*SUPPLIED INFORMATION*.
★ ★ ★ ★ ★

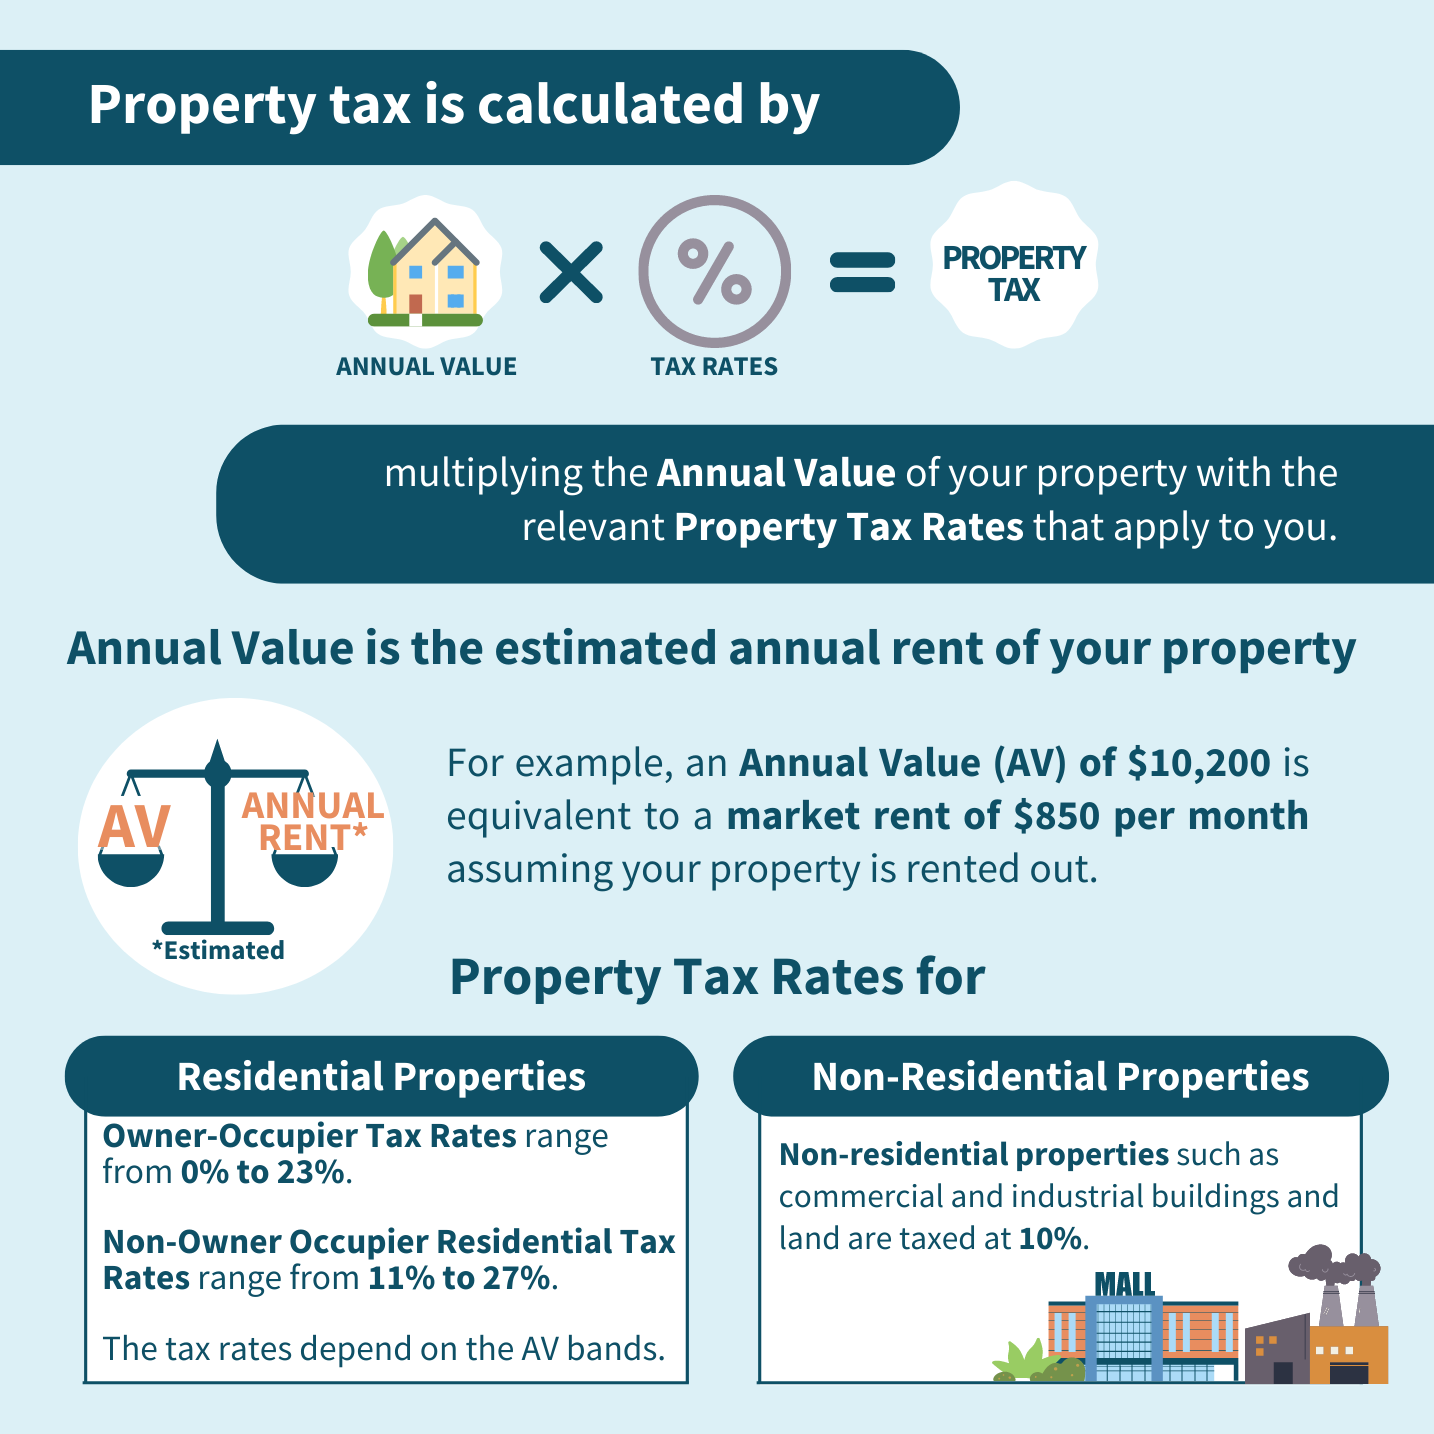 Property tax is calculated by Annual Value (AV) x Tax Rates. AV is the estimated annual rent of the property. There are different tiers of property tax rates for residential and non-residential properties.
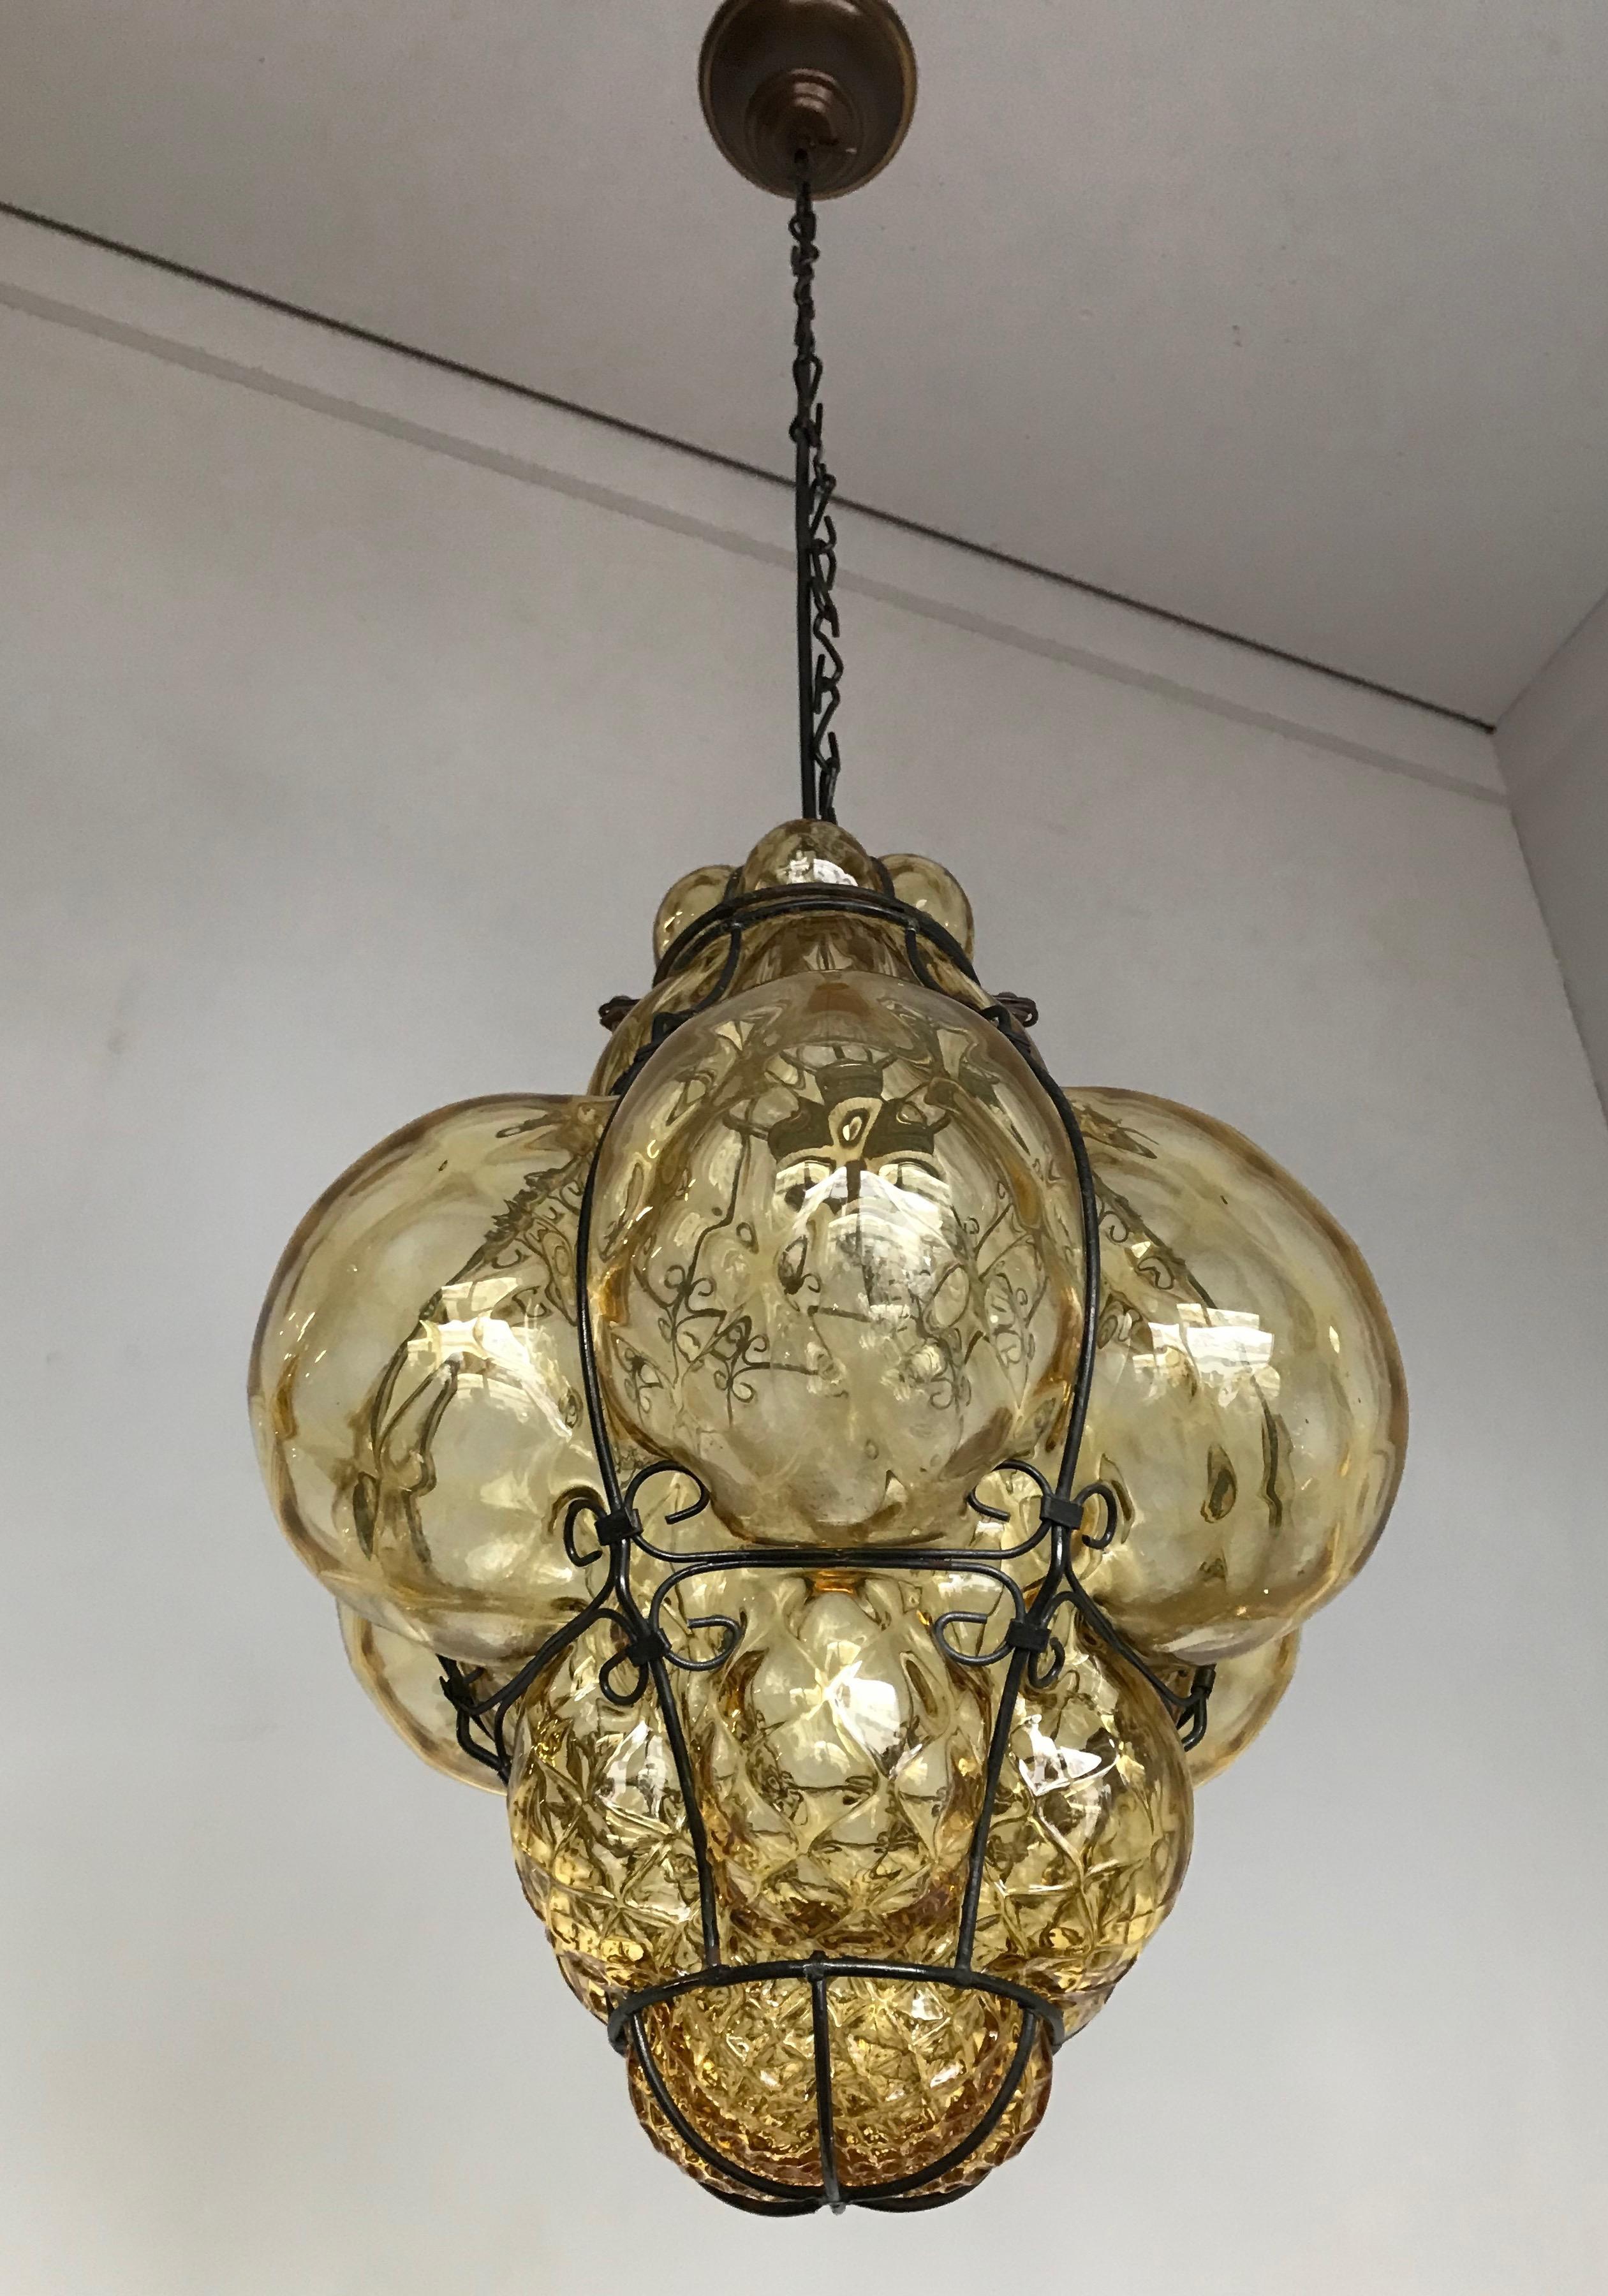 Early 20th century, Italian craftsmanship pendant. 

This stylish single light pendant is beautiful in shape and the mouth blown, bronze tinted glass is in excellent condition. It comes with a chain and canopy which guarantees easy height

★ ★ ★ ★ ★

*EXERCISE DIRECTIONS*. Return the full listing exactly as it appears above, without its pictures.

*REPLY TO THE TASK*.
 Property tax is calculated by Annual Value (AV) x Tax Rates. AV is the estimated annual rent of the property. There are different tiers of property tax rates for residential and non-residential properties.
 Early 20th century, Italian craftsmanship pendant. 

This stylish single light pendant is beautiful in shape and the mouth blown, bronze tinted glass is in excellent condition. It comes with a chain and canopy which guarantees easy height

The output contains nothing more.